Content Advisory: This story contains mature themes.
I was disappointed when I learnt that people don’t like their faces to be studied when they eat. As a child, eating was only exciting if I could imitate how adults ate. Especially those that looked like adults but were closer to us in age: older cousins on the cusp of their teens, with their fledgling facial hair and cracked voices. I also enjoyed watching my father eat, particularly bone marrow. His temples bobbed in and out of his forehead and I was often tempted to touch that little delicate dot.
Adults were oblivious to the power they had over knowing what to order, how to eat, and how quickly to eat.
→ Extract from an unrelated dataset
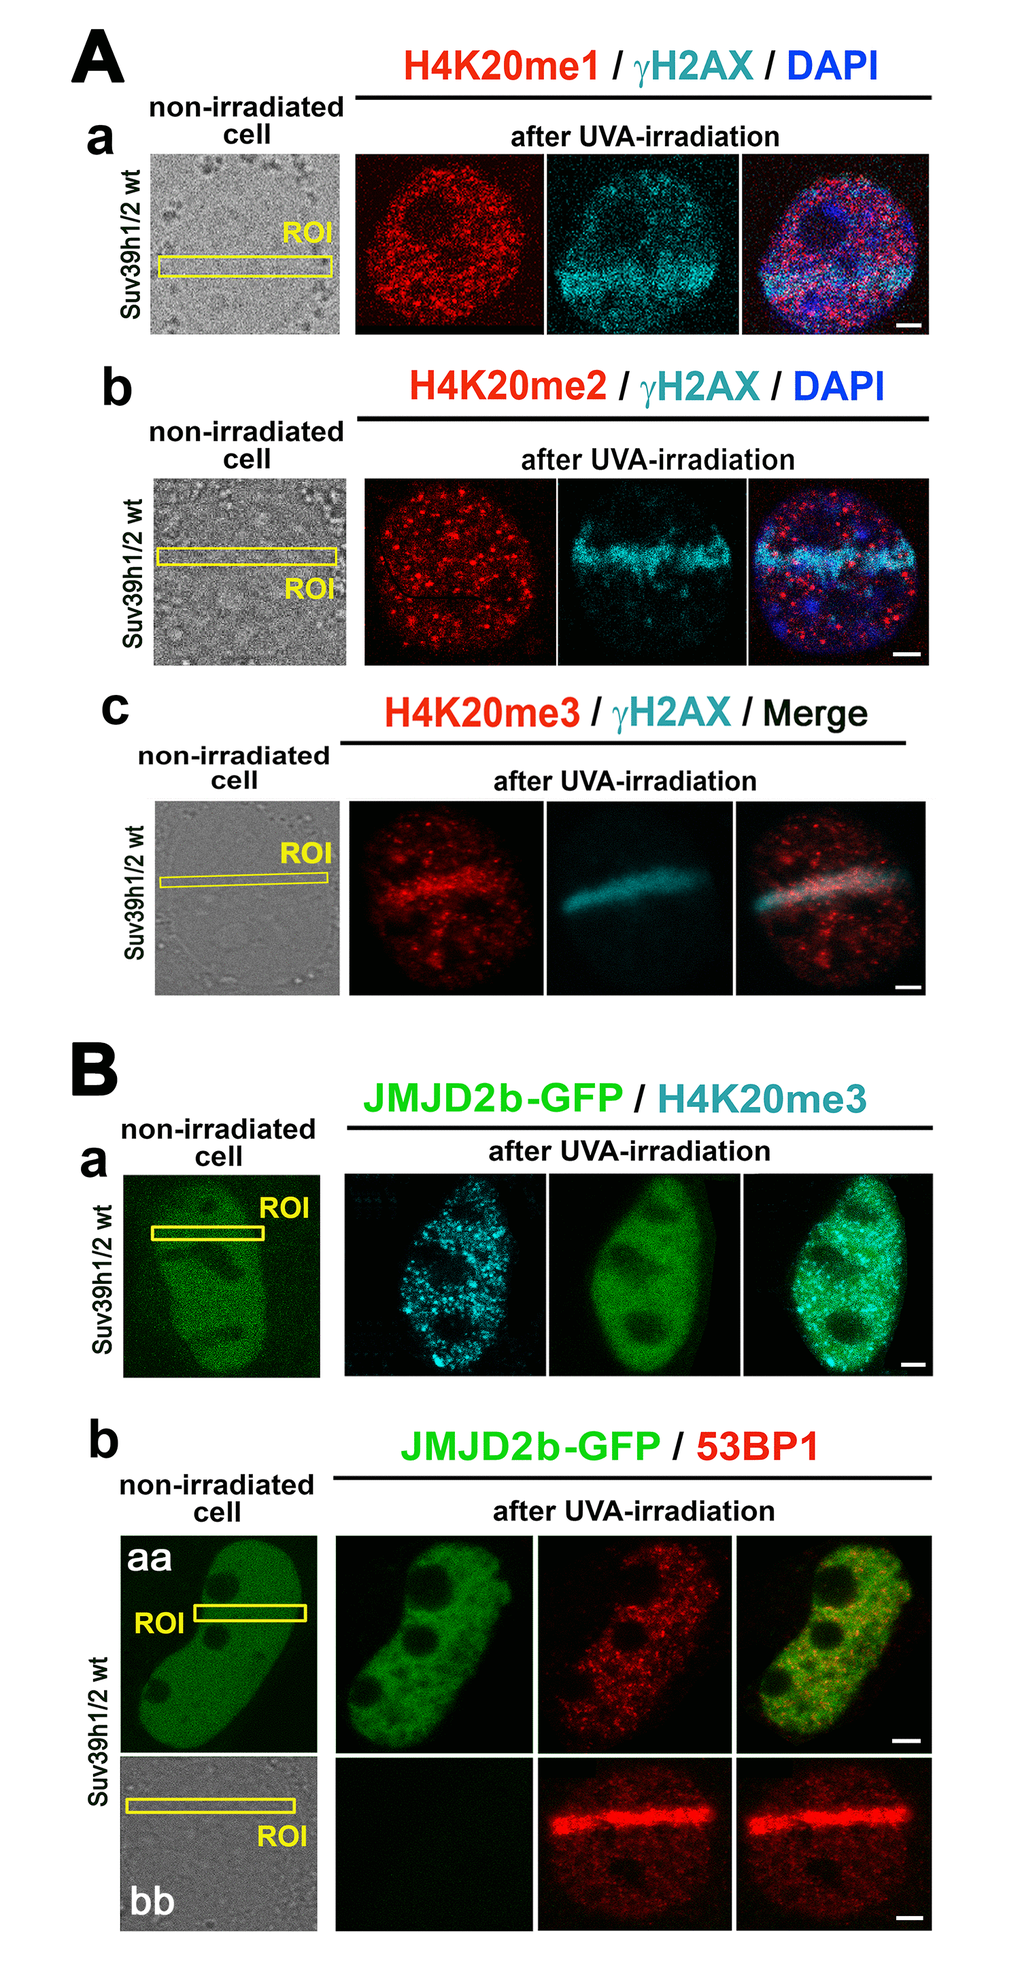 The nuclear distribution pattern of H4K20me1/me2/me3 at DNA lesions. (A) The levels of (a) H4K20me1 (red) in γH2AX-positive DNA lesions (magenta), (b) H4K20me2 (red) in γH2AX-positive DNA lesions (magenta), and (c) H4K20me3 (red) in DNA lesions studied in parallel with γH2AX (magenta). (B) The level of (a) H4K20me3 and (b) 53BP1 in micro-irradiated ROI of the cells over-expressing JMJD2b histone demethylase, tagged by GFP. Panels Bb-aa show low level of 53BP1 at micro-irradiation induced DNA lesions in cells over-expressing GFP-tagged JMJD2b and panel Bb-bb documents 53BP1 recruitment to DSB sites in the cells with a normal expression of JMJD2b. Scale bars in all panels represent 5 µm.

They fed themselves—and us—with as much inattention as possible, wiping clean whatever was on their plate, while also doing far more demanding tasks simultaneously.
When I was seven, I was told by my mother’s sisters that she used to drink fish like a cat. They’ve seen her slurp down a plate of fish curry to the point where washing the plate would have been unnecessary. My father says that when she was pregnant with me, she’d polish off a whole plate of fried bolenjir or silver fish in seconds, like both Tom and Jerry would. When I imagine the bolenjir on hot Mangalore afternoons, I see them stacked like crispy chaklis on a steel plate, gleaming like the teeth in Happy Dent chewing gum ads. Her sisters also tell me that she knew where to pinch a crab to make it confess its complete innards, how to crack it open even with a fragile fist. This is a version of my mother I will never know.
I was still seven when I watched her roll around on the floor of a temple in a yellow saree. My father watched angrily, muttering curses and adjusting her pallu. She had given up on placating him but more importantly, she had given up on fish. I learnt later that this is called mada snana, a practice involving rolling on plantain leaves after the food served on it was eaten by Brahmins. She was hellbent on doing this, much to family protests, because a poojari had convinced her it was the only way to save her jaundiced three-month-old infant who lay dying in a hospital. Eggs, meat, seafood—all things she loved eating had to be given up.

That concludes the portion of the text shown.